When Jarvis made Carter an honorary park ranger in 2016, he said the former president embodied both “the spirit and principals” of the park service. His Georgia home, where Carter will now be buried, became a national historic site in 1987 and was renamed as a national historic park in 2021.

Carter, shown beaming in pictures when he accepted his award, called it an honor and said he was proud to have “been an integral part of the conservation movement.”

Nearing the end of his life, Carter didn't react to more recent developments about the Arctic National Wildlife Refuge, including Biden administration moves to restrict oil development there and a more recent plan to hold a oil lease sale in January to comply with a 2017 law approved by Congress.

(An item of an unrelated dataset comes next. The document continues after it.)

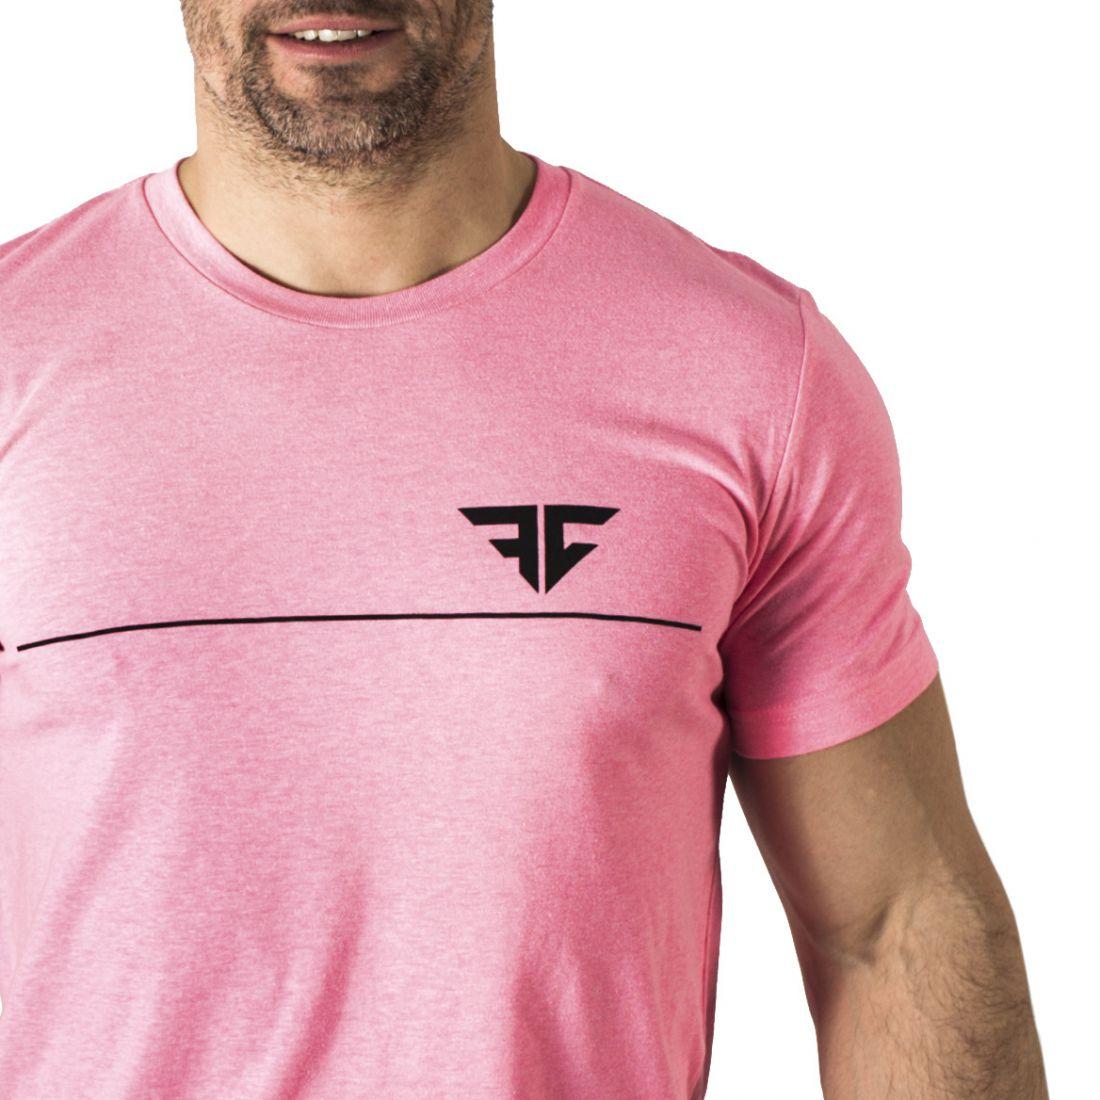 b931b5ca00199 Mens Neon Pink T Shirt - DREAMWORKS

But Carter has repeatedly venerated the remote coastal plain, which in 1995 he called “America’s Serengeti,” a place where polar bears, musk ox, wolves and caribou could roam freely.

In 2022 he told The New York Times that visiting the refuge had been “one of the most unforgettable and humbling experiences” of his long life.

“We had hoped to see a few caribou during our trip,” Carter said. “But to our amazement, we witnessed the migration of tens of thousands of caribou with their newborn calves.”